Task details:
For the entries below, the result should be an exact transcription of the lines from the one with "Group of businessmen" up to and including the one with "EPI 2.0 countries", and only those.
(Beginning of Information shown)
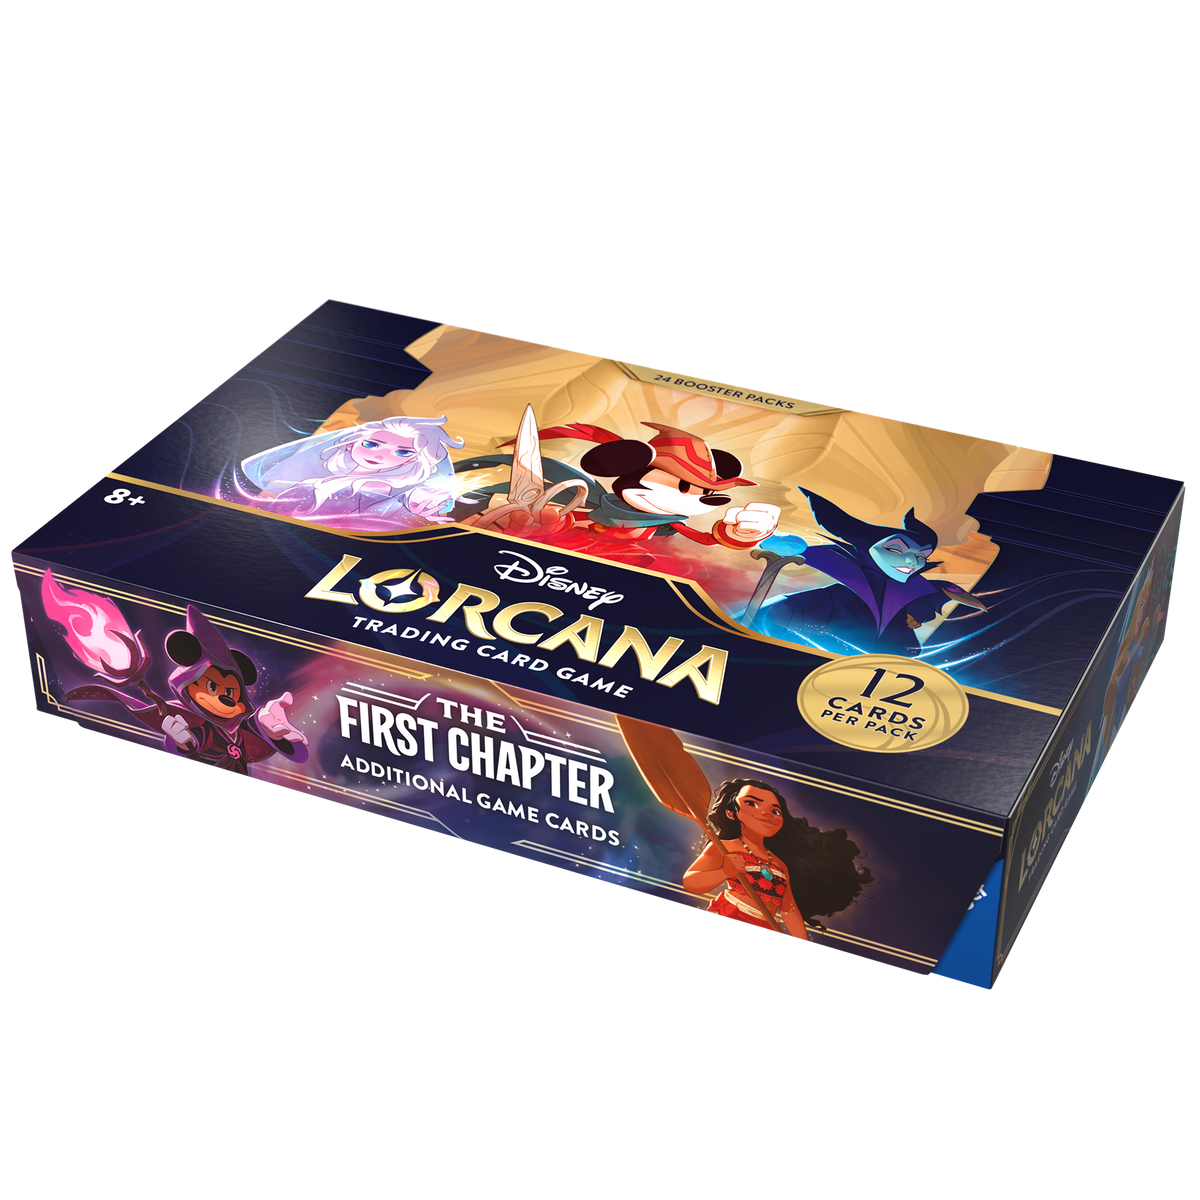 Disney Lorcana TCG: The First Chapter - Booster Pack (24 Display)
(End of Information shown)
(Beginning of Information shown)
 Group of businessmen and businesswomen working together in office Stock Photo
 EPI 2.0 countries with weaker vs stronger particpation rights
(End of Information shown)
Answer to the problem:
 Group of businessmen and businesswomen working together in office Stock Photo
 EPI 2.0 countries with weaker vs stronger particpation rights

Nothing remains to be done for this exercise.